▸ **Work to be completed**
Repeat what the lines below say, word for word, and skip every image.

▸ **Data excerpt**

***

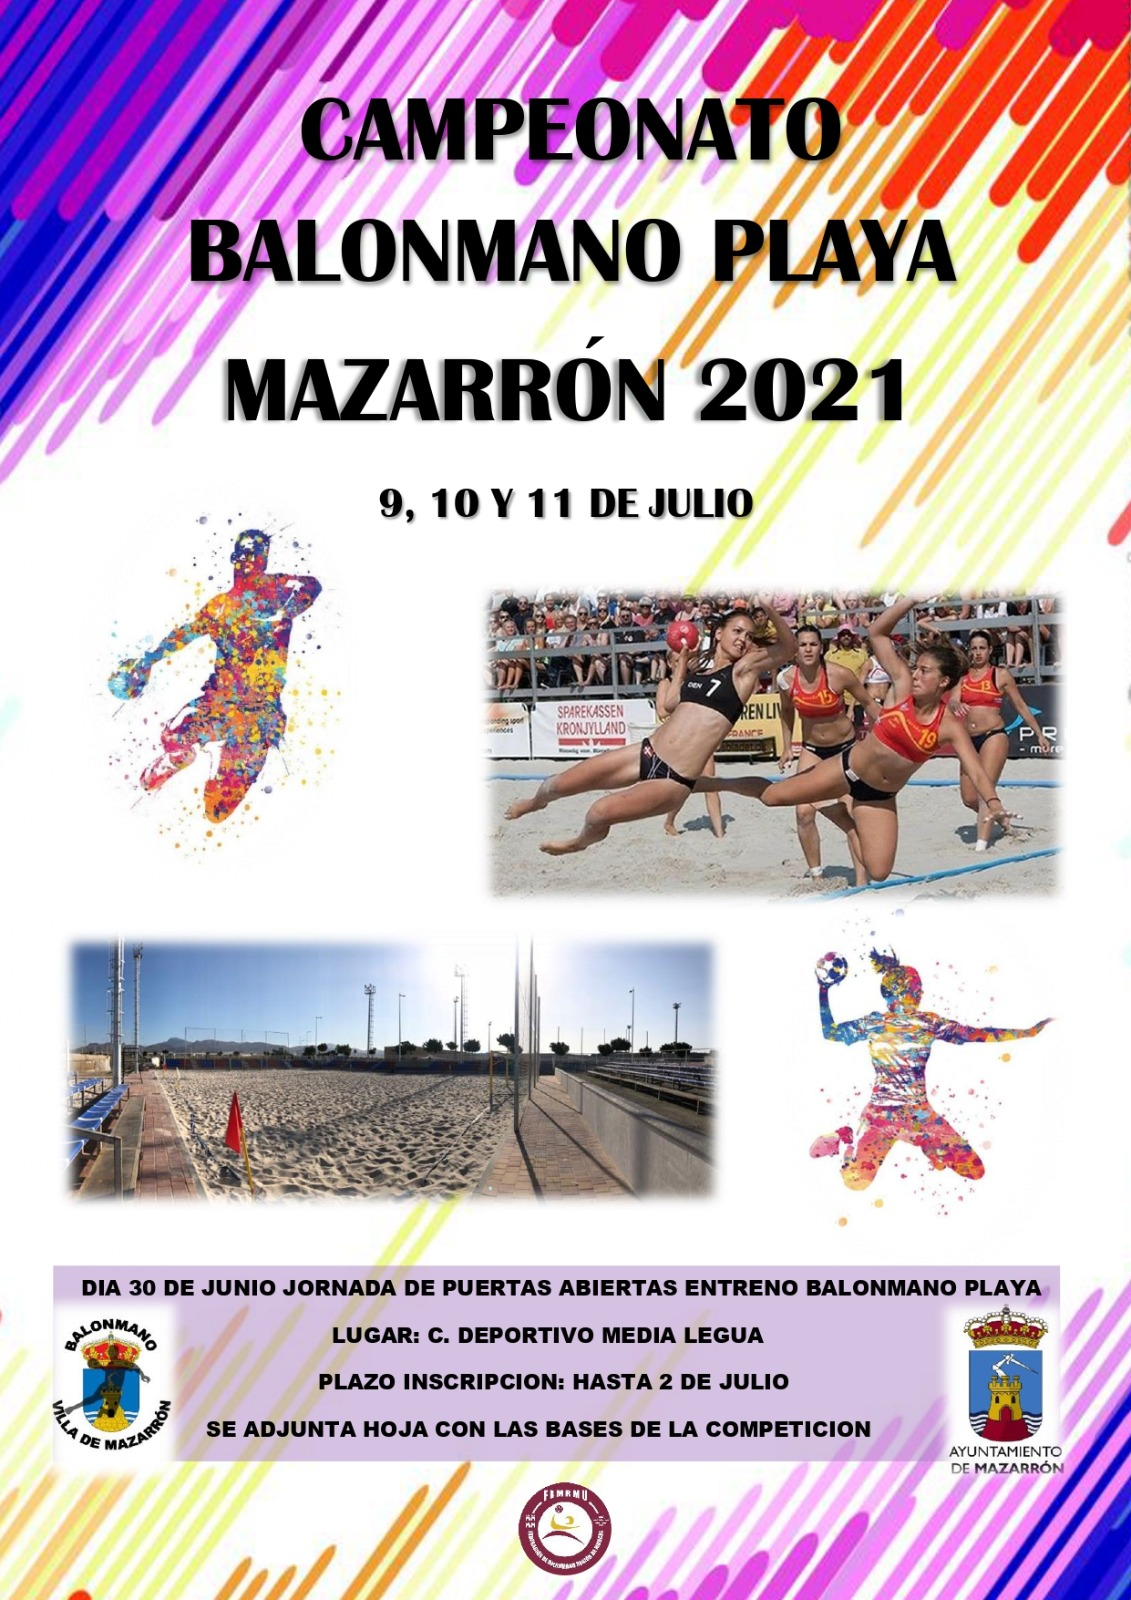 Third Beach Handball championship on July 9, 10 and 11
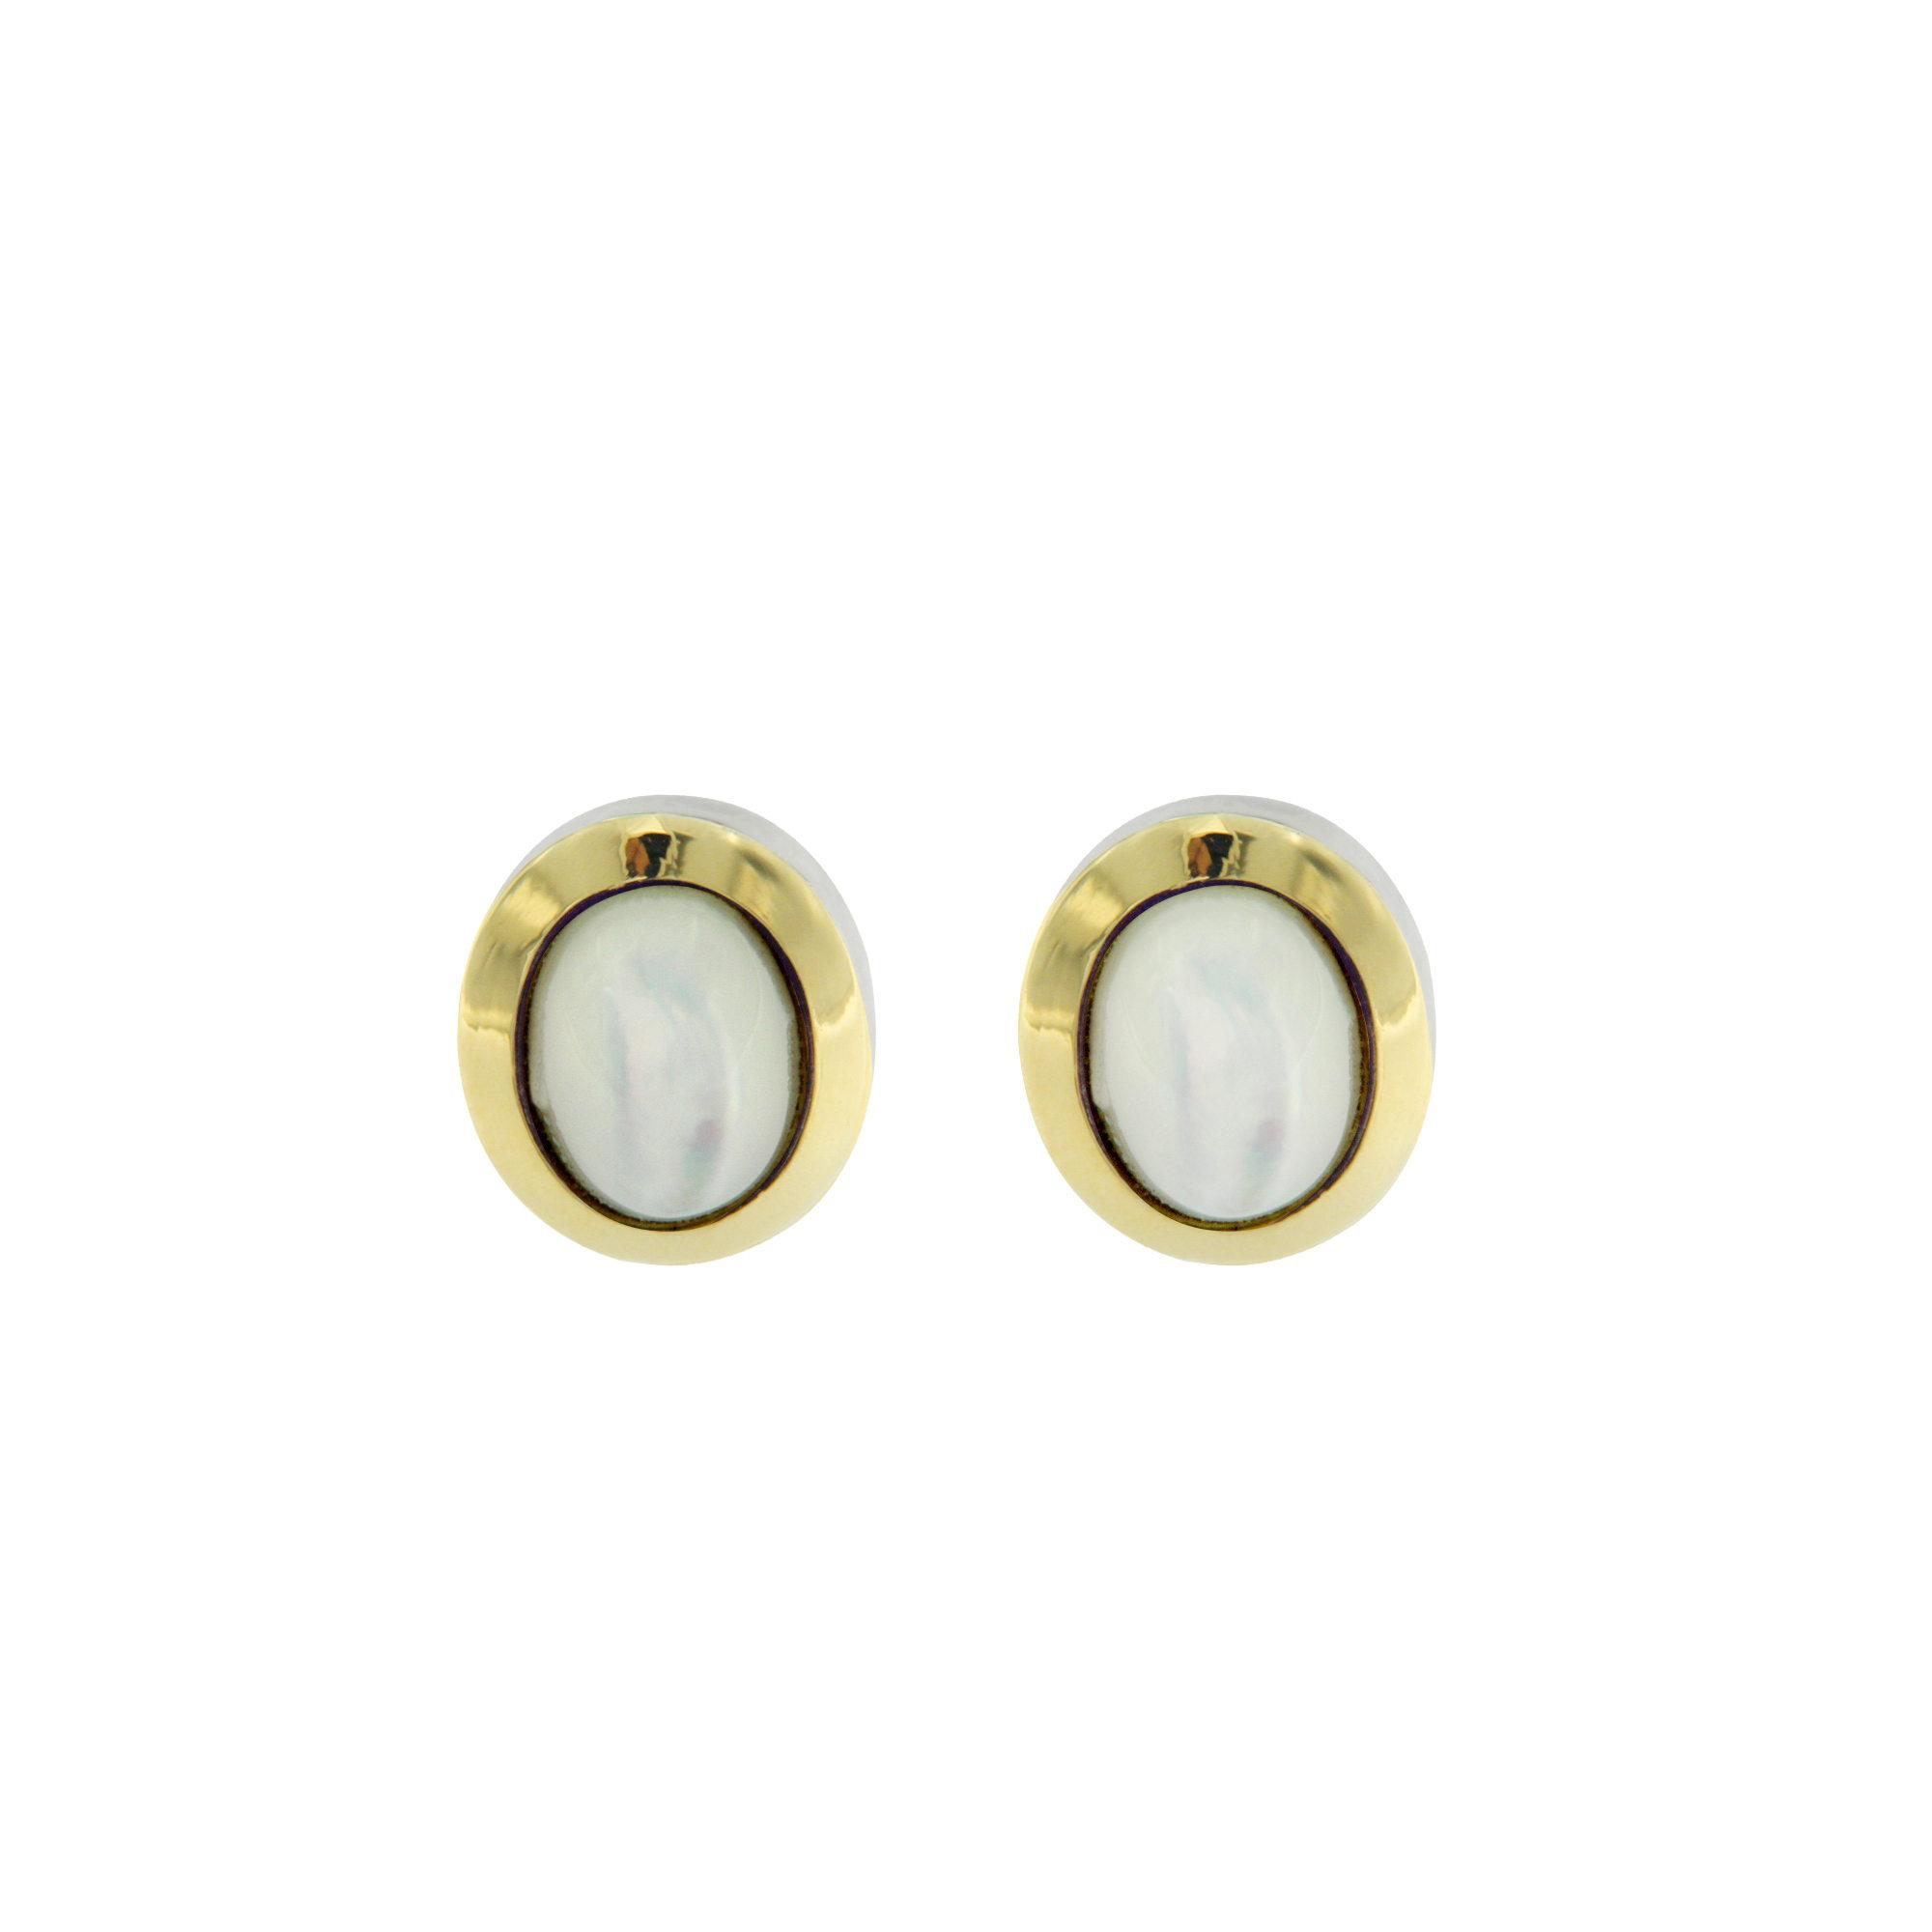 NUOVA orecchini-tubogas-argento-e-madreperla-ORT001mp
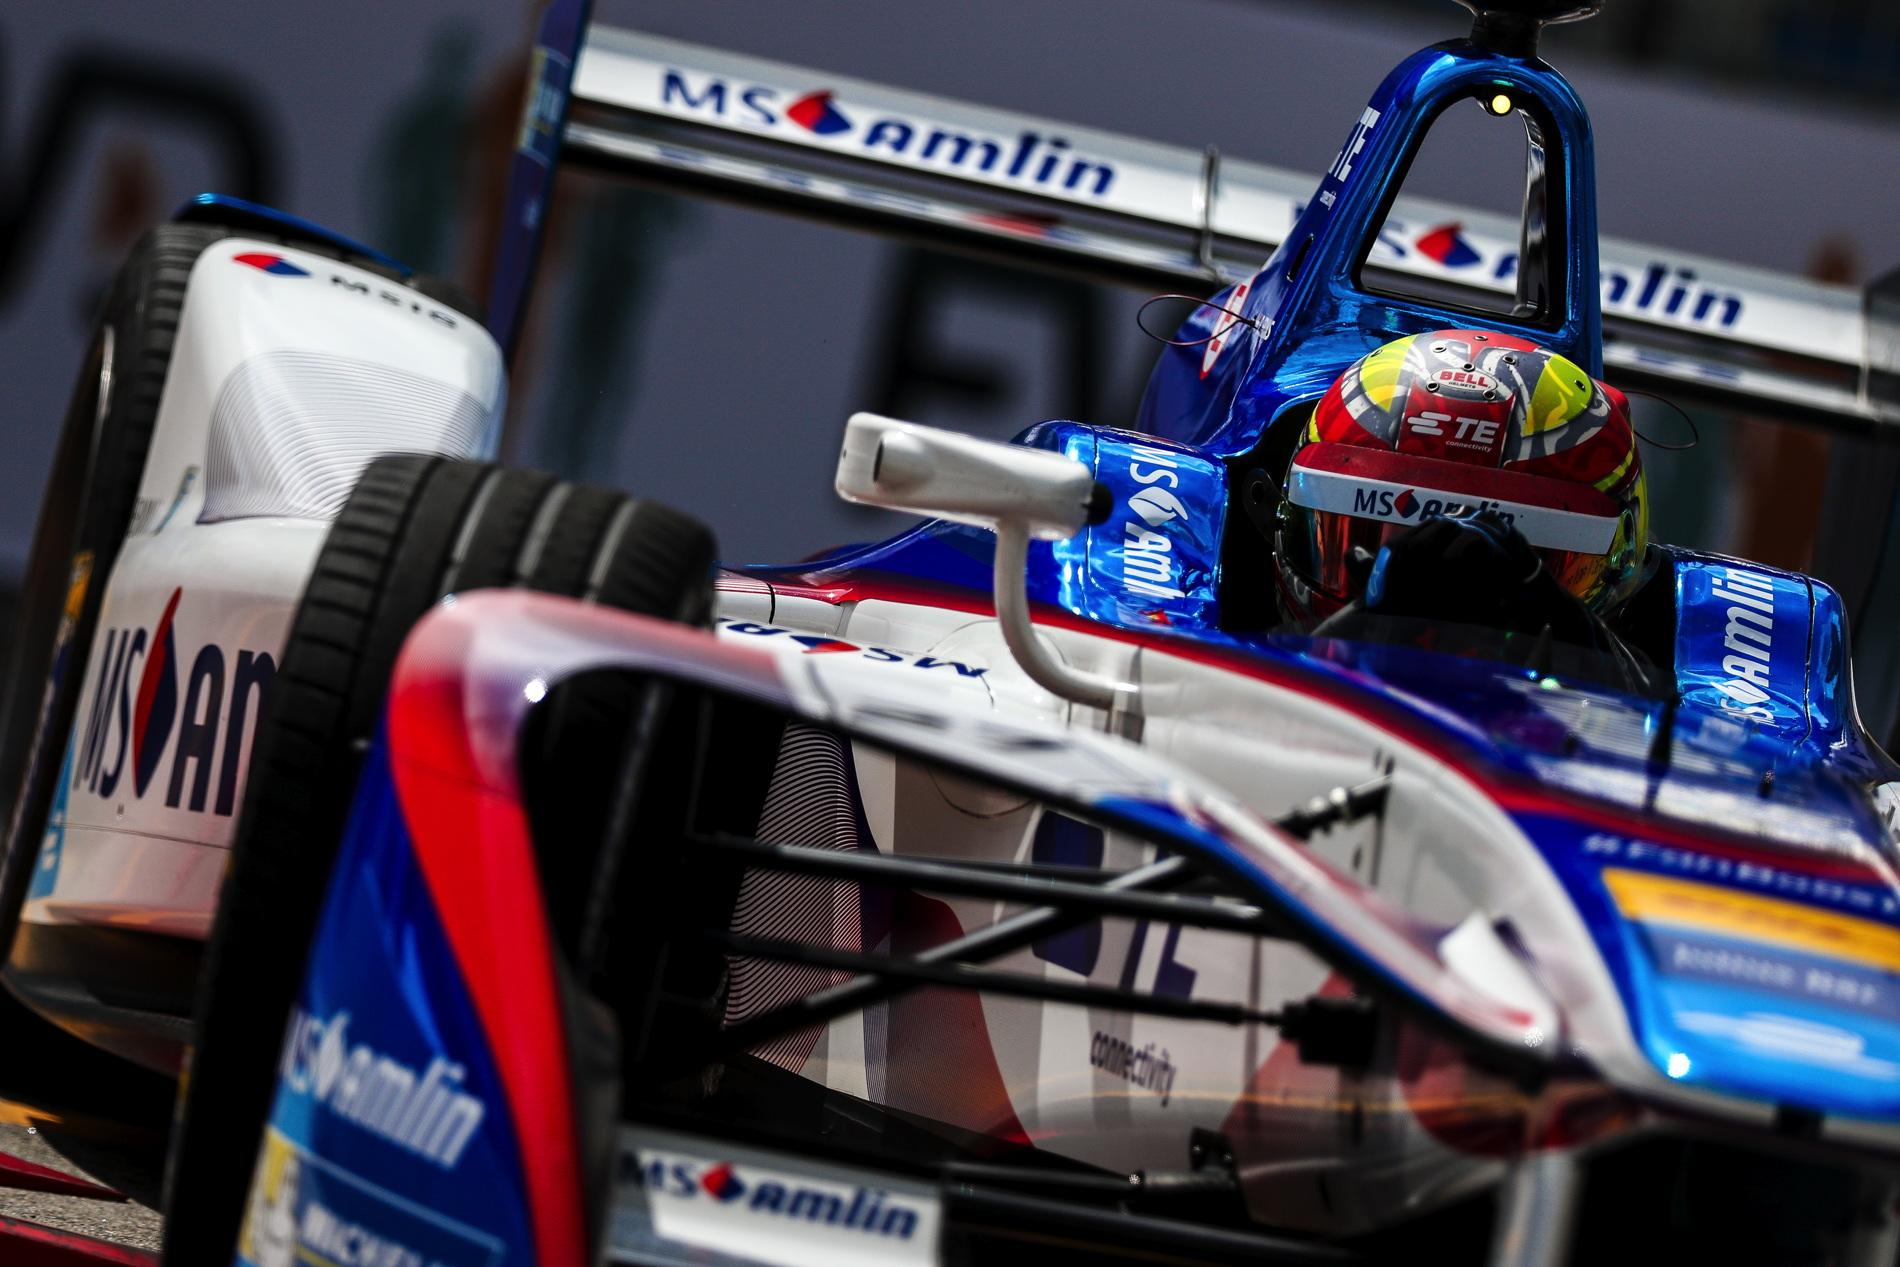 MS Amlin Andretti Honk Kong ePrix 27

***

▸ **Task answer**
 Third Beach Handball championship on July 9, 10 and 11
 NUOVA orecchini-tubogas-argento-e-madreperla-ORT001mp
 MS Amlin Andretti Honk Kong ePrix 27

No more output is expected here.